Смех, подумала Имоджин, — это самый коварный звук на свете. Кейбл и Ники лежали на пляже на некотором отдалении от остальной компании. Разговора их не было слышно, руки их были сплетены, они смеялись и что-то тихо и ласково говорили друг другу.
Солнце жгло так же сильно, как и накануне. Но на этот раз еще свирепствовал ветер. Он вырывал из земли зонты, бил в лицо песком, ерошил зеленые перья пальм на набережной.
— Это называется мистраль, — объяснял Матт Имоджин. — Он всех выводит из себя. Ты заметила, как приятнейшие люди превращаются в настоящих чудовищ, когда у них слишком много свободного времени?
Ивонн высказывала какие-то жалобы Джеймсу, который прятал свое обожженное докрасна тело в огромное зеленое полотенце. Кейбл обходилась с Маттом подчеркнуто резко, а Ники не замечал существования Имоджин.
Мимо них пробежал, расшвыривая песок, черный пудель с красным ошейником. Джеймс свистнул и щелкнул пальцами.
— Не подзывай незнакомых собак, Джамбо, — одернула его Ивонн, — Они запросто могут оказаться бешеными.
Кейбл в своем изумрудно-зеленом бикини и такого же цвета тюрбане, предохраняющем волосы от песка, была соблазнительна как никогда. Матт отвлекся чтением журнала «Пари Матч». Ивонн для предохранения носа от солнца надела на него подобие картонного клюва, отчего стала похожей на какую-то злобную птицу. Джеймс вытащил камеру и отдался фотозабаве, состоявшей преимущественно в выходах на крупных дам. Ники пошел брать напрокат водный велосипед.
Трое французов приятной наружности, перебрасывавших мяч, расположились поблизости от Кейбл.

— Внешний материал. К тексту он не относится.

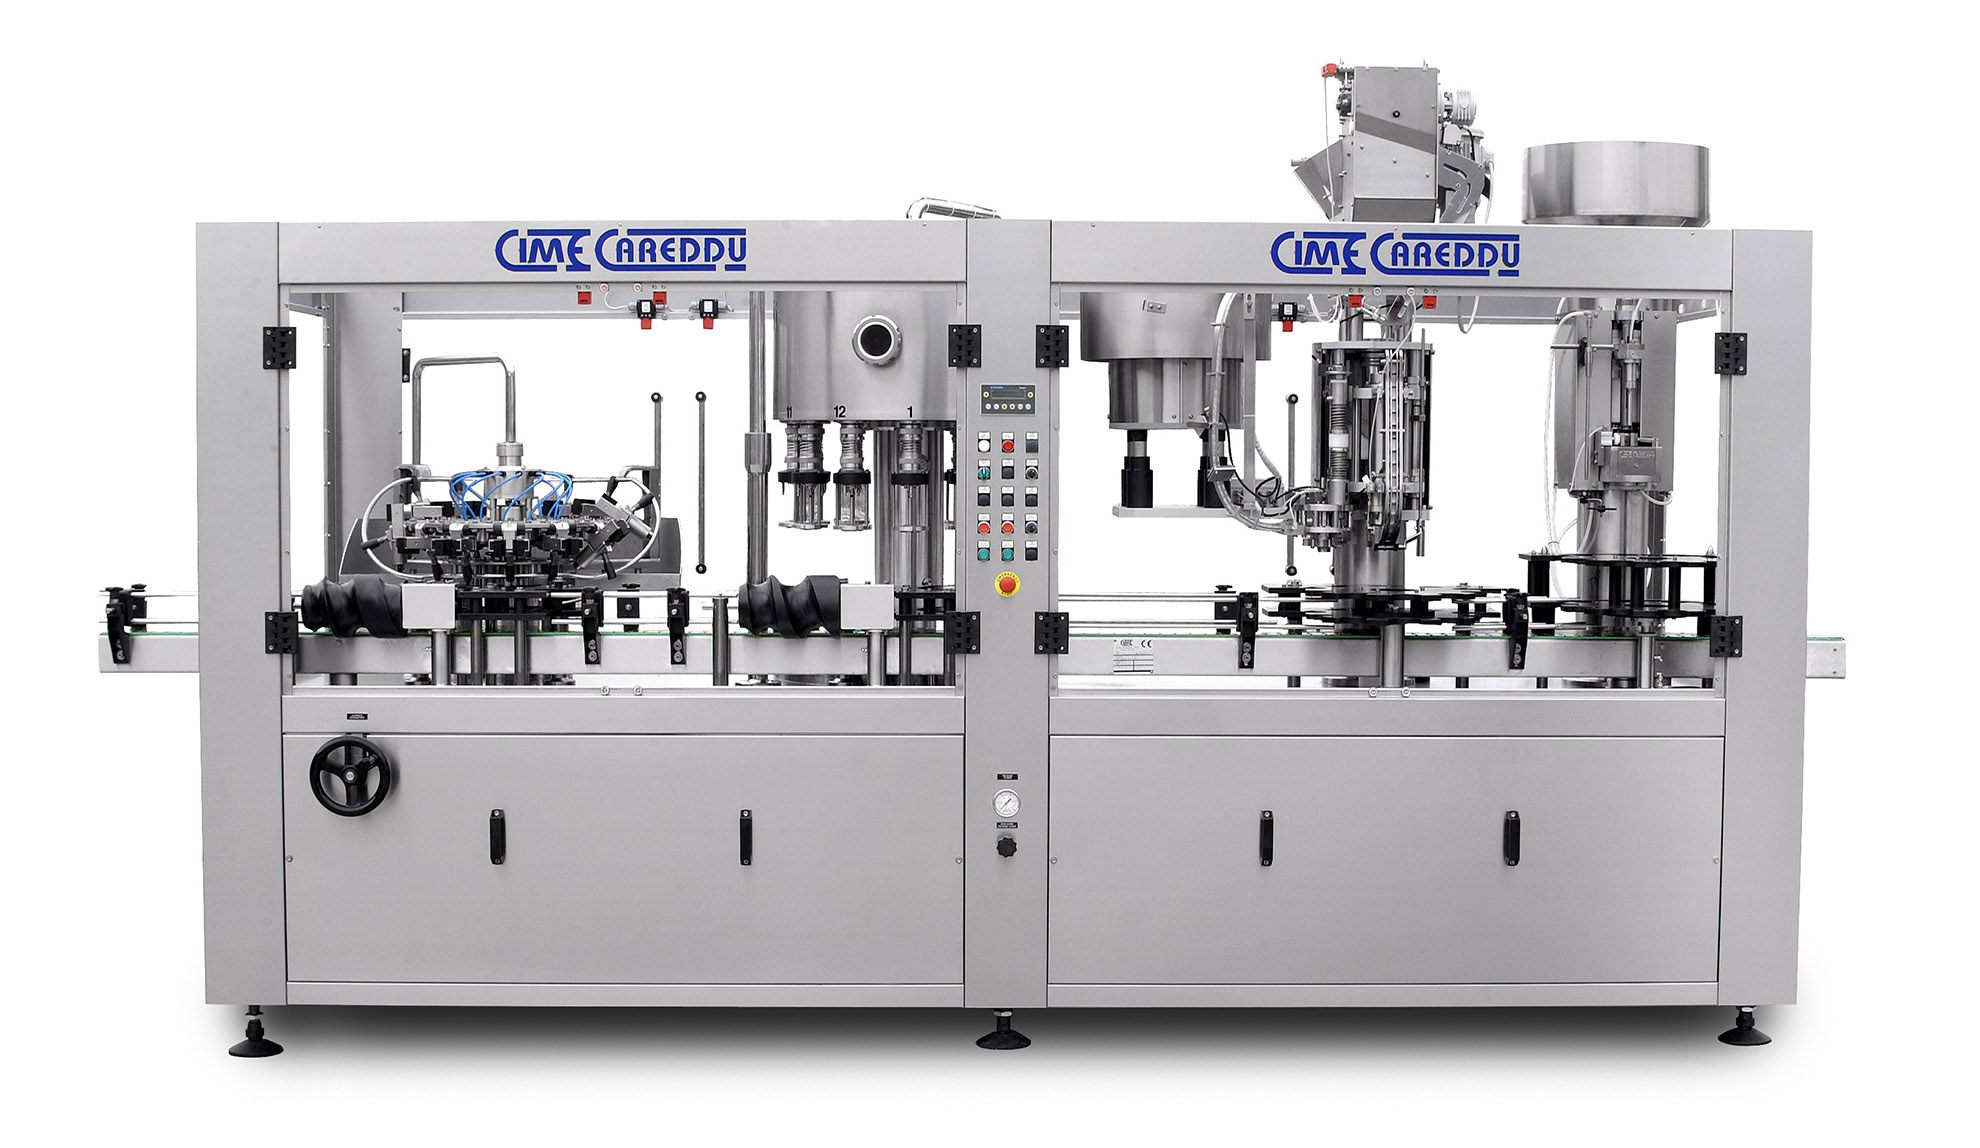 Cime Careddu Silver Machine | SMB Machinery
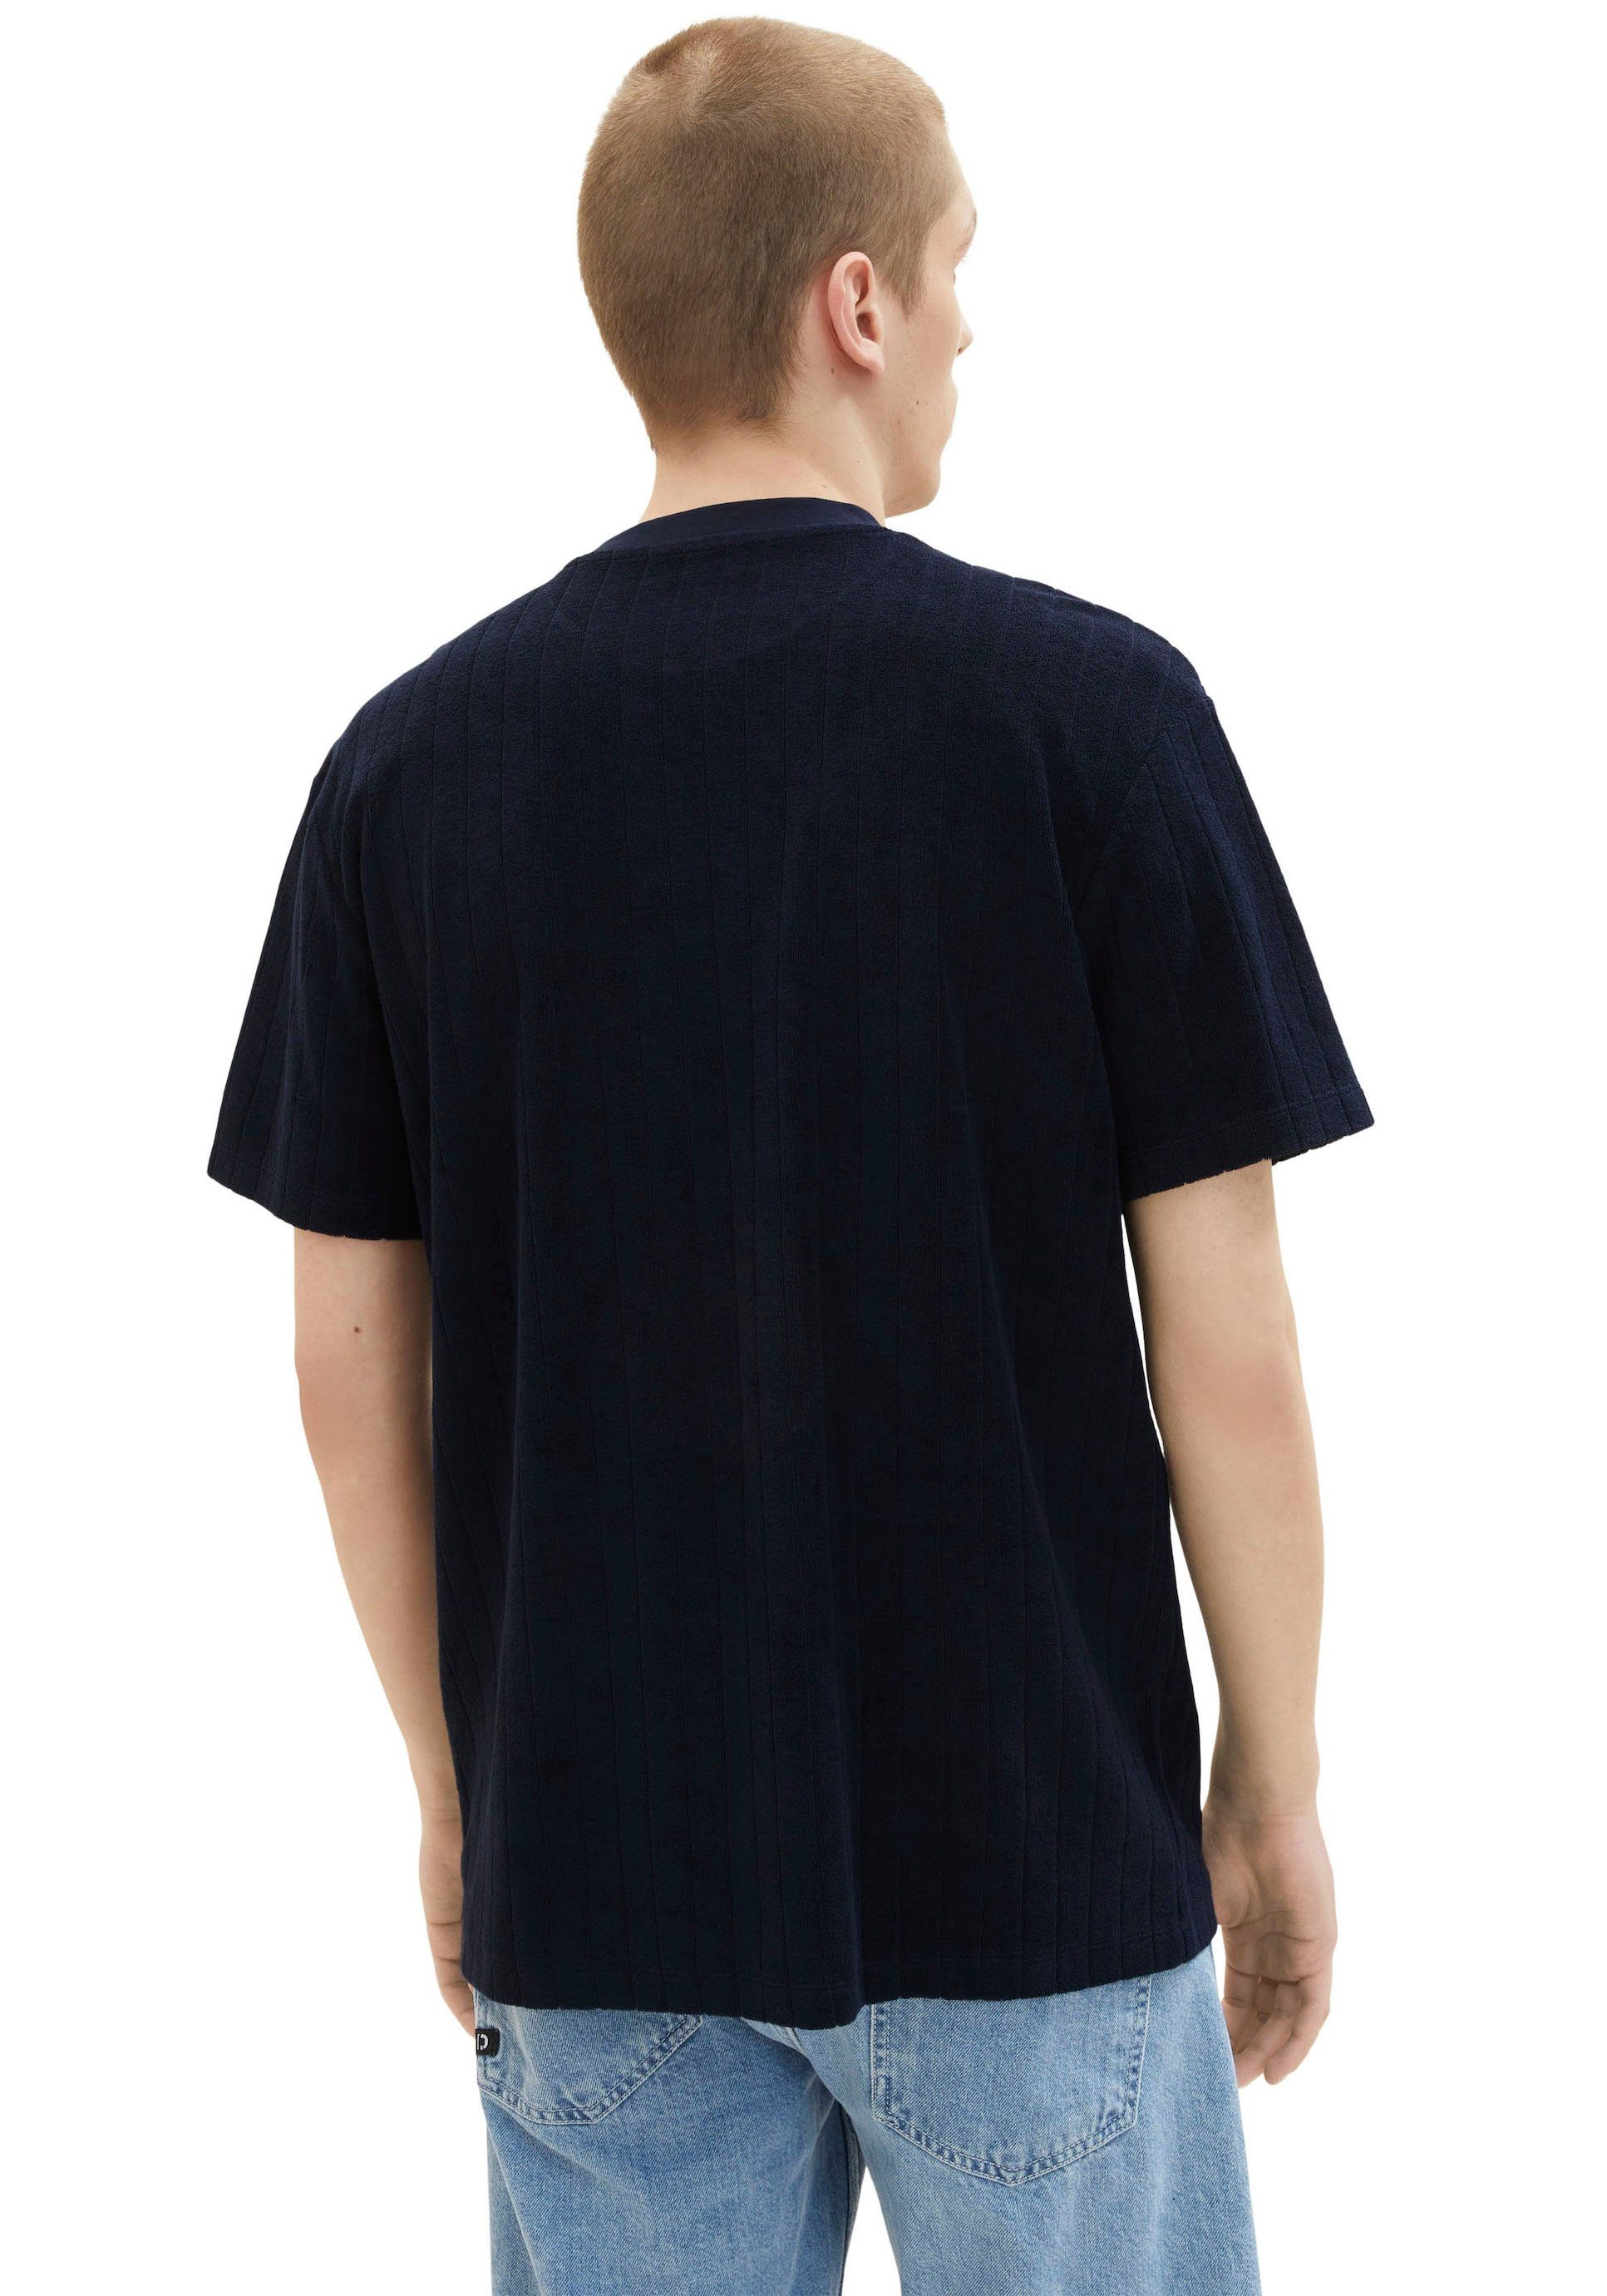 Sweatware gemustert TAILOR navy strukturierter T-Shirt TOM Denim aus

Один из них нарочно выронил мяч, и тот упал к ее ногам. Все они побежали его подбирать, громким смехом и многословными извинениями выказывая свой интерес к Кейбл. Она одарила их теплым взглядом. Они ответили восхищенной улыбкой. Тут же они снова уронили мяч, он приземлился на ее полотенце и был поднят, и вновь это сопровождалось шквалом извинений. Кейбл самодовольно ухмылялась. Матт, не обращая внимания, продолжал читать. Имоджин вдруг подумала, как, наверное, злит Кейбл такое отсутствие признаков ревности с его стороны. Возможно, оба они вели тонкую игру. Она взяла отложенный Кейбл в сторону номер журнала «Элль», где возвещалось, что этой осенью должна быть в моде «une vrai beaute sauvage». Эффектно растрепанная грива фотомодели на обложке не допускала никакого сравнения с ужасными космами на голове Имоджин, которые торчали «toutes directions». Жара была страшная. У Имоджин жгло кожу, и она стала наносить на лицо лосьон от солнечных ожогов.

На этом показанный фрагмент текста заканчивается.